Soon after the war, Berlin’s father moved the family to Santiago, Chile, and she embarked on what would become twenty-five years of a rather flamboyant existence. In Santiago, she attended cotillions and balls, had her first cigarette lit by Prince Aly Khan, finished school, and served as the default hostess for her father’s society gatherings. Most evenings, her mother retired early with a bottle.
By the age of ten, Lucia had scoliosis, a painful spinal condition that became lifelong and often necessitated a steel brace.

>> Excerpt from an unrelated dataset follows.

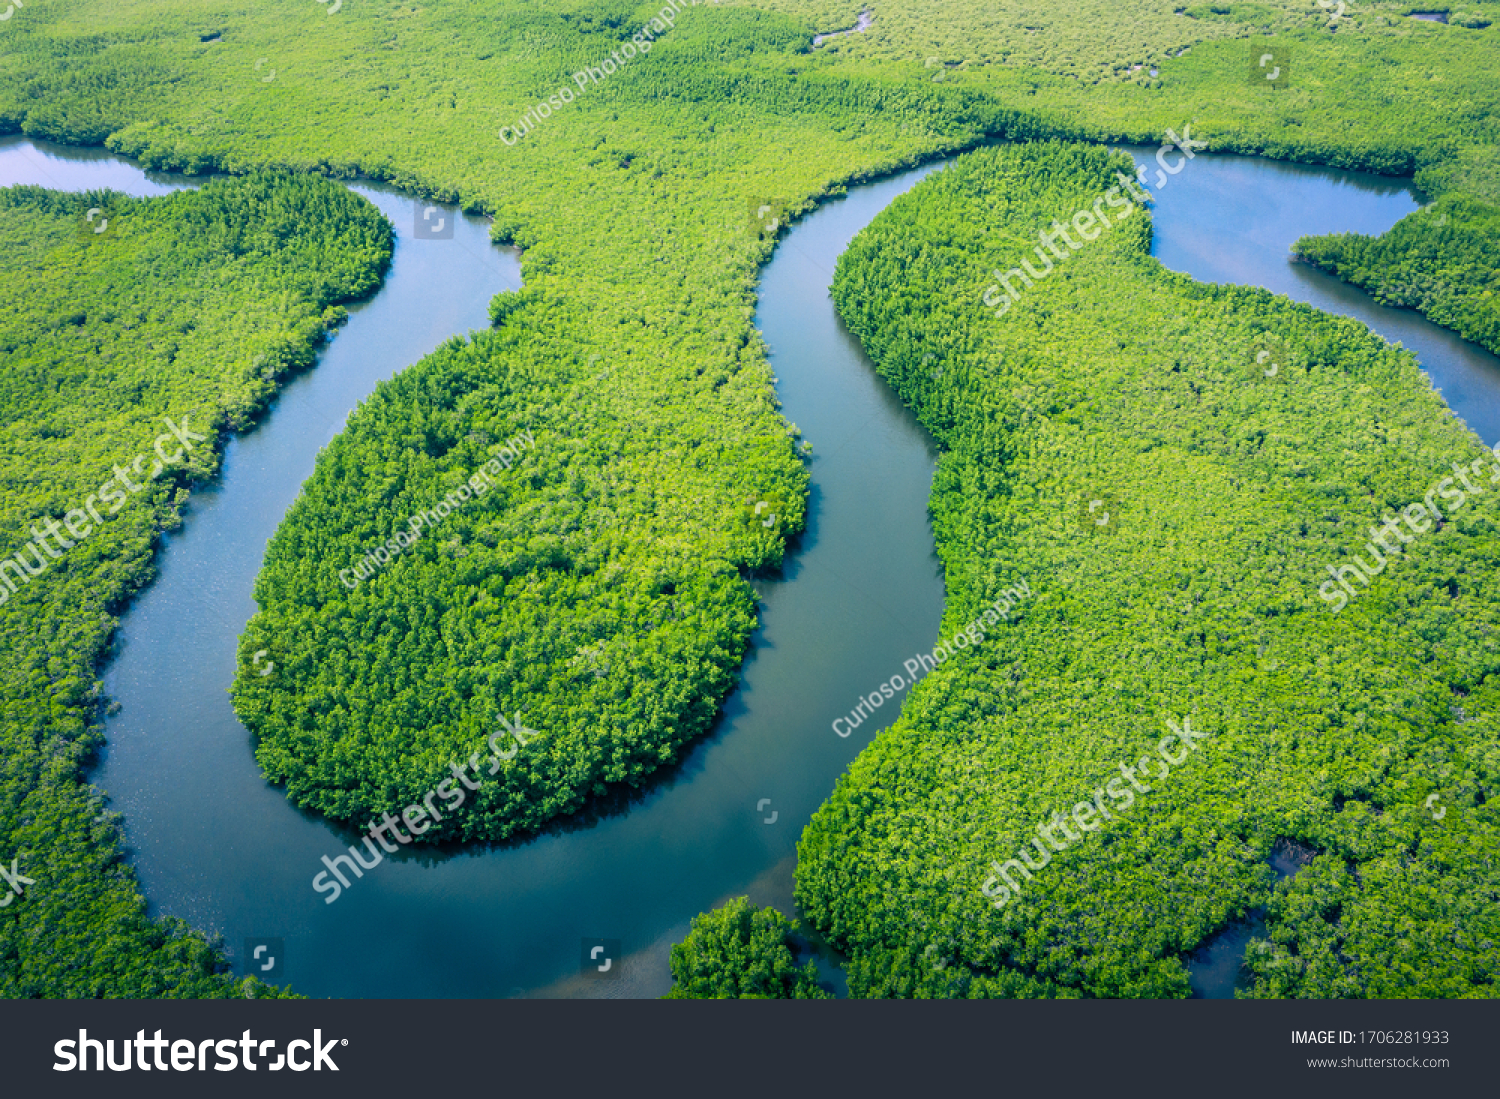 Aerial view of Amazon rainforest in Brazil, South America. Green forest. Bird's-eye view.  #1706281933

In 1955 she enrolled at the University of New Mexico. By now fluent in Spanish, she studied with the novelist Ramon Sender. She soon married and had two sons. By the birth of the second, her sculptor husband was gone. Berlin completed her degree and, still in Albuquerque, met the poet Edward Dorn, a key figure in her life. She also met Dorn’s teacher from Black Mountain College, the writer Robert Creeley, and two of his Harvard classmates, Race Newton and Buddy Berlin, both jazz musicians. And she began to write.
Newton, a pianist, married Berlin in 1958. (Her earliest stories appeared under the name Lucia Newton.) The next year, they and the children moved to a loft in New York. Race worked steadily and the couple became friends with their neighbors Denise Levertov and Mitchell Goodman, as well as other poets and artists including John Altoon, Diane di Prima, and Amiri Baraka (then LeRoi Jones).
In 1960, Berlin and her sons left Newton and New York, and traveled with their friend Buddy Berlin to Mexico, where he became her third husband. Buddy was charismatic and affluent, but he also proved to be an addict. During the years 1961–68, two more sons were born.
By 1968, the Berlins were divorced and Lucia was working on a master’s degree at the University of New Mexico. She was employed as a substitute teacher. She never remarried.
The years 1971–94 were spent in Berkeley and Oakland, California. Berlin worked as a high school teacher, switchboard operator, hospital ward clerk, cleaning woman, and physician’s assistant while writing, raising her four sons, drinking, and finally, prevailing over her alcoholism. She spent much of 1991 and 1992 in Mexico City, where her sister was dying of cancer. Her mother had died in 1986, a probable suicide.